South Korean artists

“Everything you're looking for is on the blank page. "

- My grandfather

Here is a sentence from my grandfather, a calligrapher, which deeply marked me. It can be interpreted in several ways, but as far as I'm concerned, it's an invitation to introspection, looking at the blank page is looking inside oneself.

As a Korean, I am obviously influenced by one of the main principles of Eastern thought: Yin and Yang, opposites which balance and coexist in all things. Some of my works are built from this principle of opposition, with a focus on areas of energy and others that remain empty, neglected ... This also explains the sparing use of color, the predominance black and white.

I also think I am indebted to traditional Korean painting which, unlike Western tradition, attaches little importance to composition. Where Western painting fills the entire frame and focuses on the details, the Korean ideal is to express a maximum of force in a few strokes, even if it means completely abandoning certain areas of the space. I think I work the same in my job, once the energy has been released in some places it doesn't have to be refilled. This also corresponds to a particular temporality, the creation being intimately linked to a brief, intense moment with no possible return.
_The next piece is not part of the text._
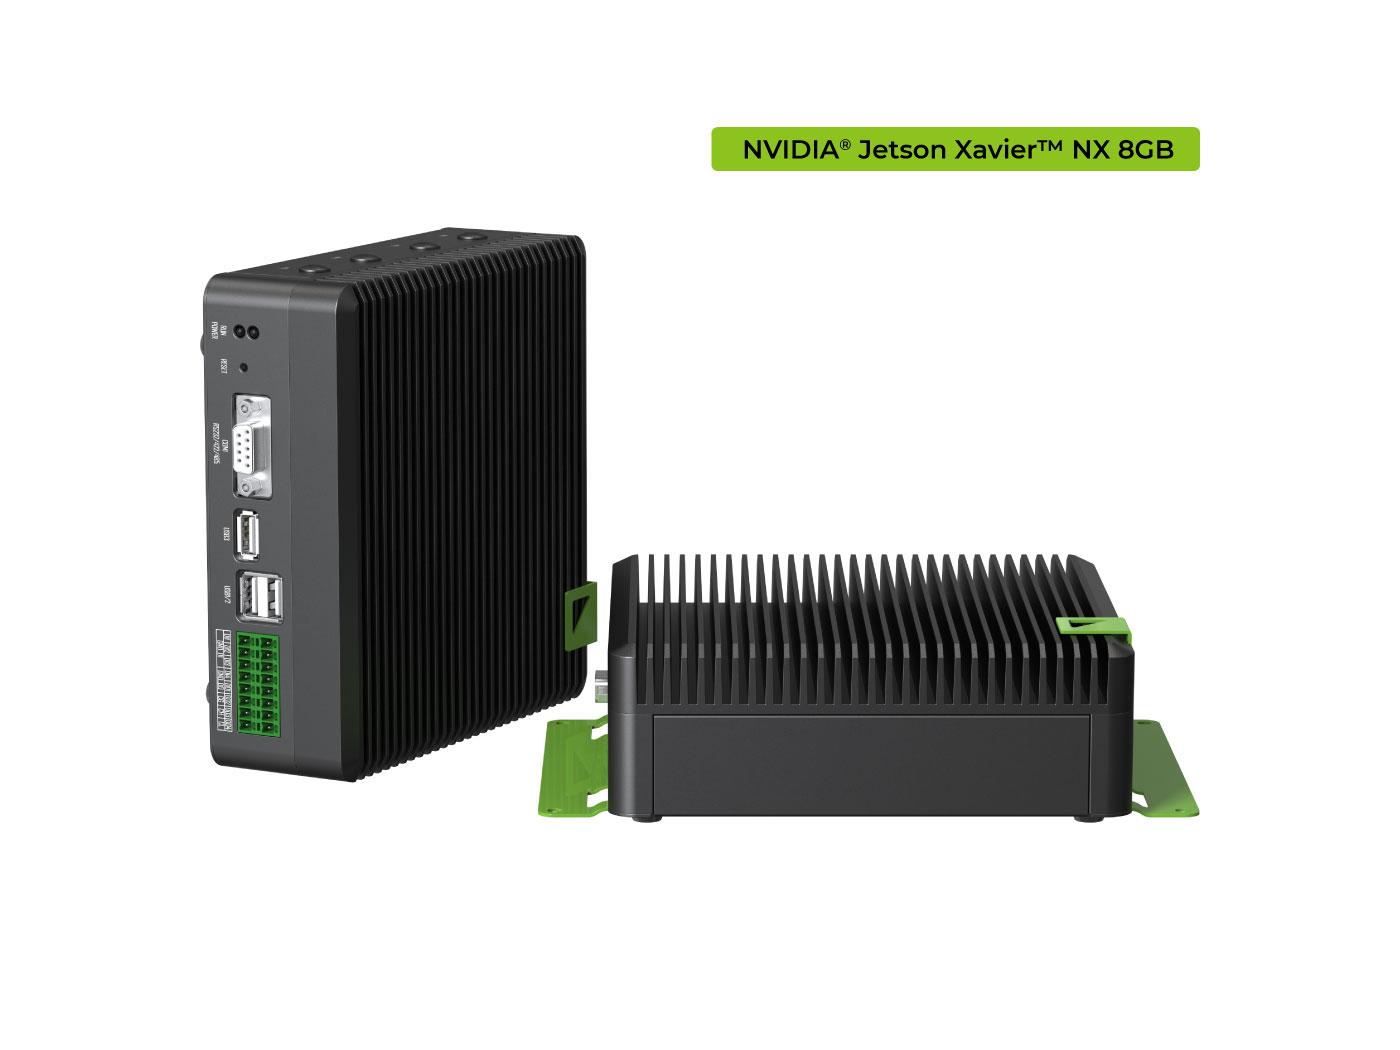 [110110188]reComputer?Industrial?J2011- Fanless Edge AI Device with Jetson Xavier NX 8GB module, Aluminum case with passive cooling, 2xRJ45 GbE, 1xRS232/RS-422/RS-485, 4xDI/DO, 1xCAN, 3xUSB3.2, Pre-installed Jet

On the other hand, whatever the medium I use (drawings, photo, installation, performance) I use the human body as a raw material and as a subject. Having lived all my childhood in a hospital where I had free time to wander, I got used to considering the body as a neutral and inanimate object, to treat it and use it as such in my works. The body can for example be staged in its entirety as a foreign object, or I use limbs, organs, to recompose abstract forms, hybrid objects.

This content has been translated by Google Translate.